前回の『愛の夢』の解説に続き、今回は『ラ・カンパネラ』の紹介です。
これまでのリスト・シリーズをまだお読みでない方は、こちらからぜひ!!👇
ということで、今回はリストの作品中でもっとも有名な(多分)、「ラ・カンパネラ」を紹介します。
筆者も10代の頃に練習したので、なんとも懐かしい限りです。
「ラ・カンパネラ」の解説
数多くあるリストの作品の中でもっとも人気があり、ポピュラーな曲「ラ・カンパネラ」。
作品について色々調べてみると、興味深いことが浮かび上がってきました。
そもそも「ラ・カンパネラ」とは?
「ラ・カンパネラ」の印象的なテーマは、実はリストが生み出したものではなく、ニコロ・パガニーニ(1782〜1840)のヴァイオリン協奏曲第2番第3楽章のテーマをピアノ曲に編曲したものです(パガニーニについてもいつか書きます)。
「ラ・カンパネラ(Campanella)」とはイタリア語で「鐘」を意味します。
ピアノ版の前にまずはパガニーニのヴァイオリン協奏曲を聴いてみてください👇
もちろん、こちらも名作ですよ🎻。
当時超人気者だったパガニーニは、後世の作曲家にも取り上げられ、リストの他にブラームス、ラフマニノフなんかが独自の編曲を残しています。
話をもとに戻して・・・。
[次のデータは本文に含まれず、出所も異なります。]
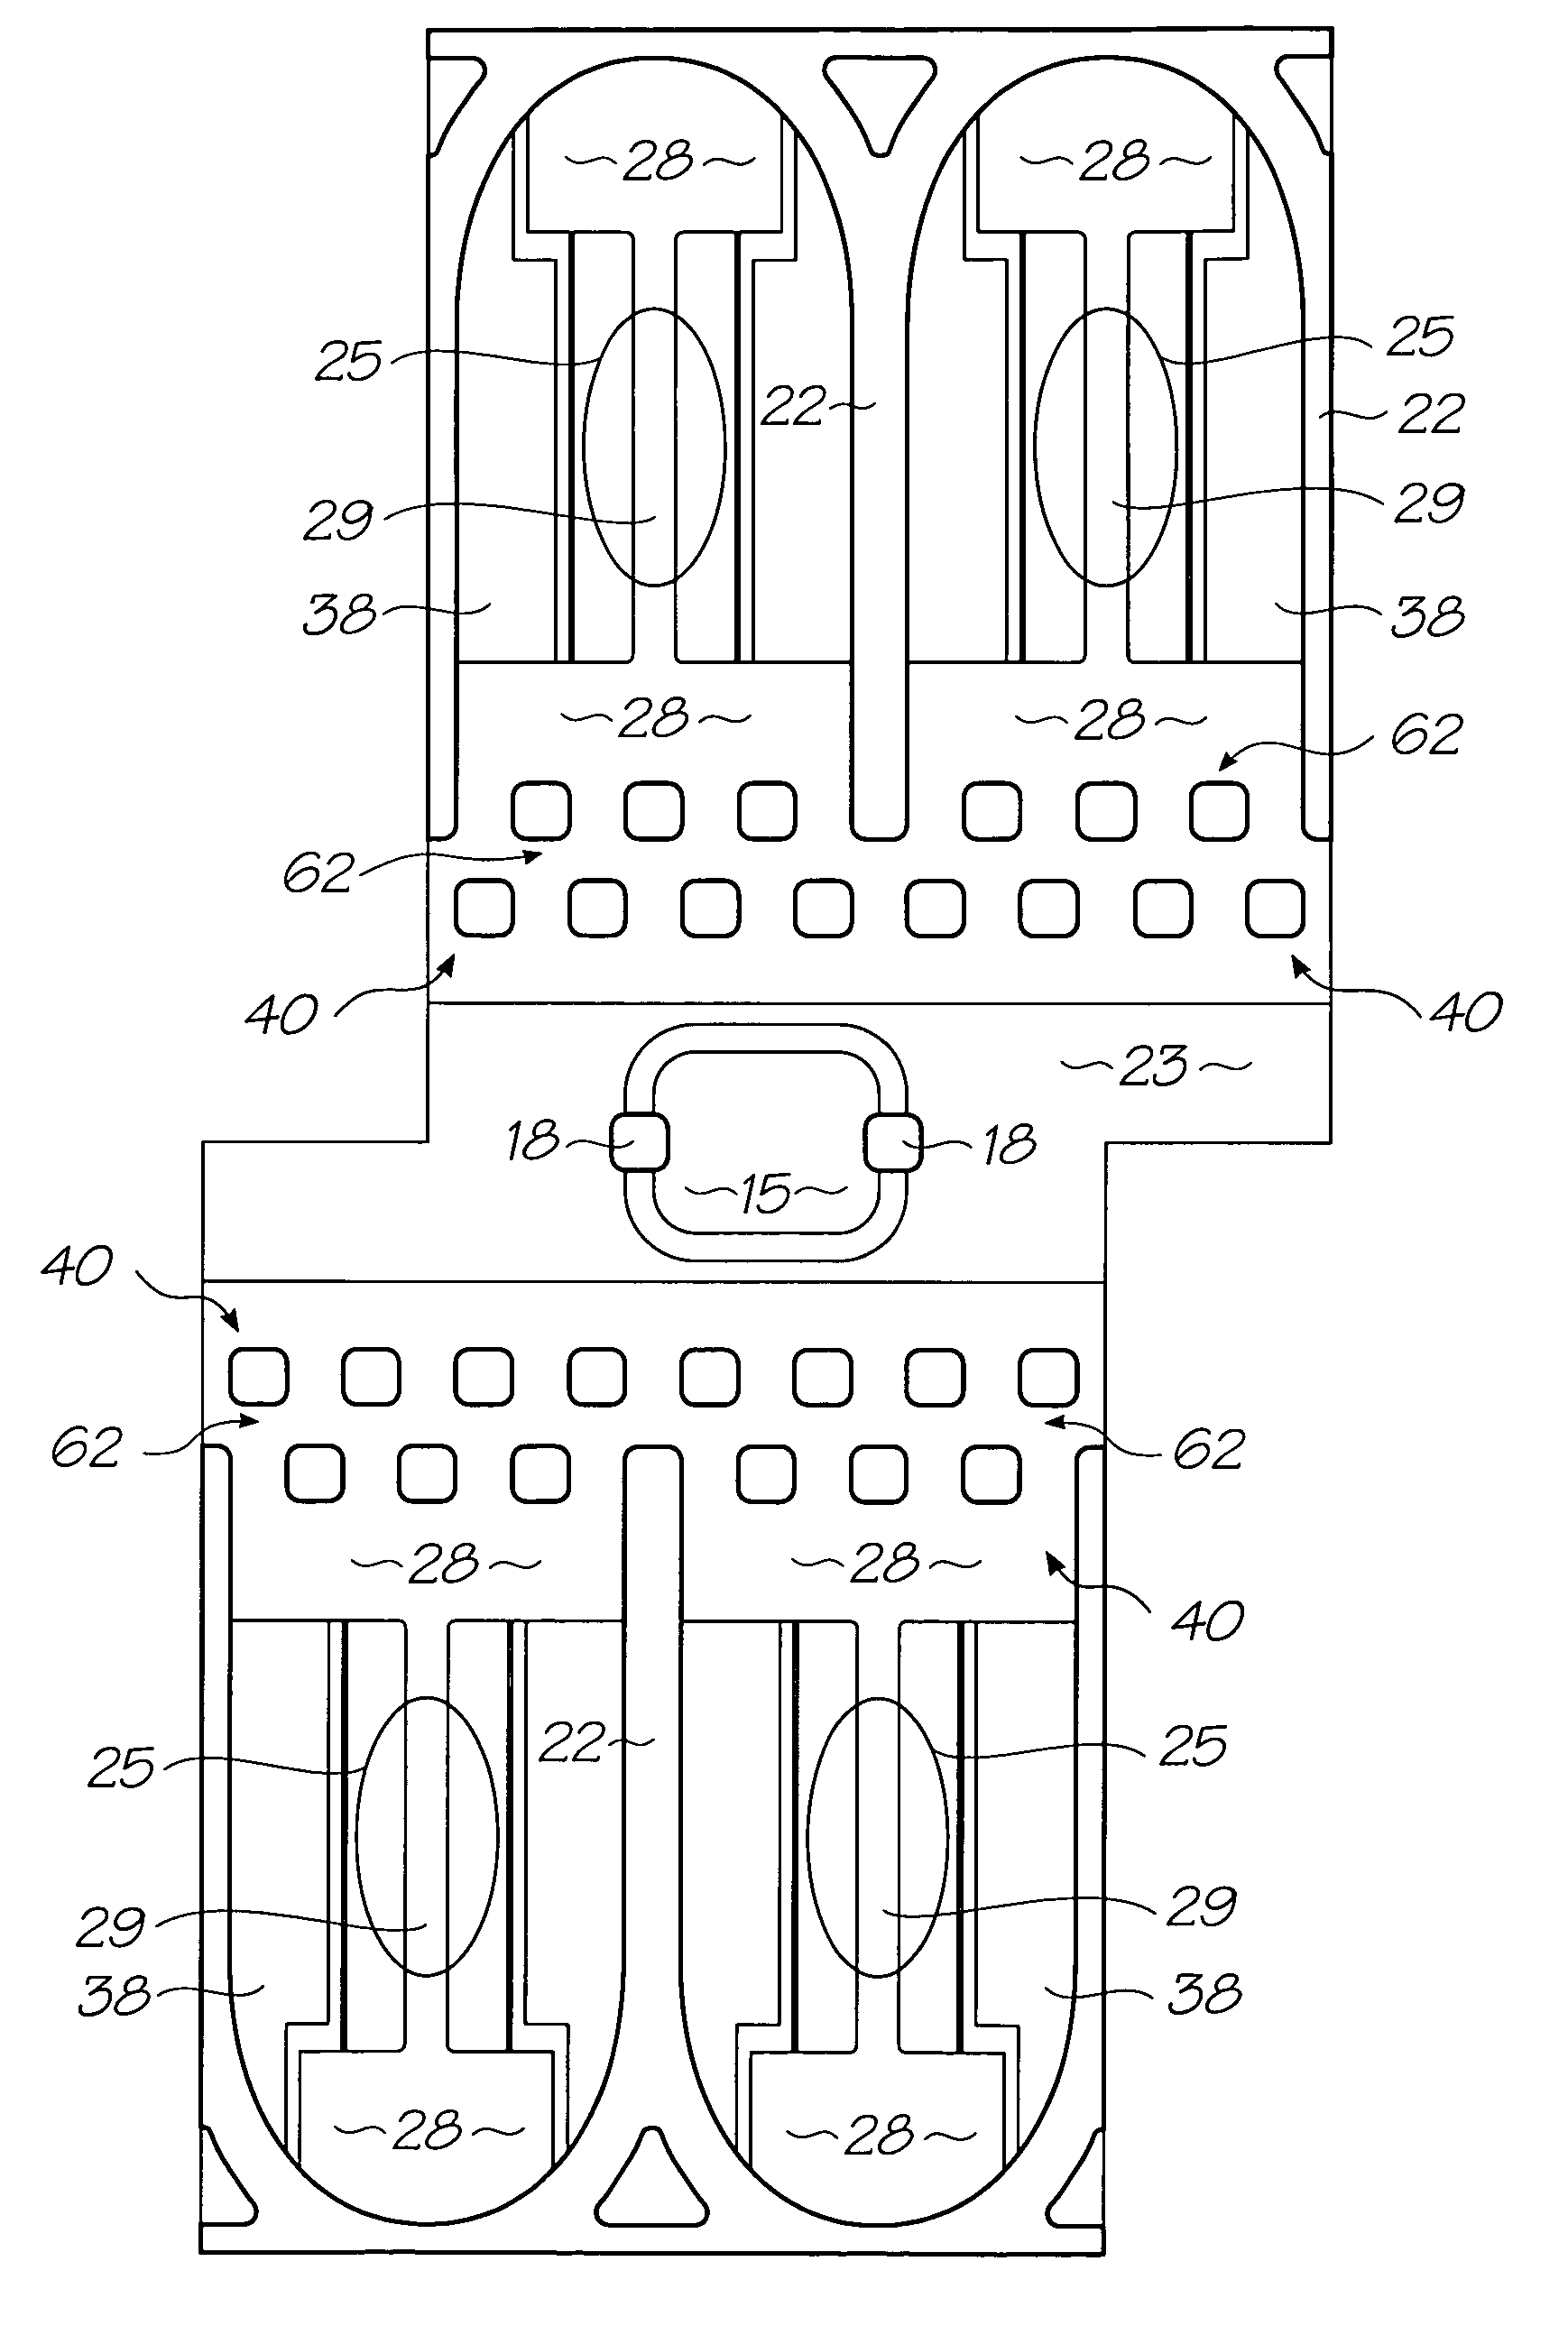 Inkjet printhead with inlet priming feature

20歳の頃に聴いたパガニーニの演奏にめちゃくちゃ感銘を受けたリストは、「僕はピアノのパガニーニなる!!」と宣言し、それまで以上に猛練習を始めます。
つまり、リストはパガニーニに憧れていたわけですね。
そして血の滲むような努力の末、ピアノのヴィルトォーゾとなったリストは、憧れのパガニーニの作品を用いてピアノ曲を作曲します。
それが『パガニーニの「ラ・カンパネラ」の主題による華麗なる大幻想曲』です。
「あれ?タイトル違くない?」とお気づきの方。正解!!。
じつは、今現在聞いている「ラ・カンパネラ」は最初から今の形ではなく、何度か改訂が行われた結果なんです・・・。
実はラ・カンパネラには4つのバージョンがある
👆に書いたように、パガニーニのテーマを使用した「ラ・カンパネラ」は4つのバージョンがあり、ここでは1つずつ簡単に紹介します🎹。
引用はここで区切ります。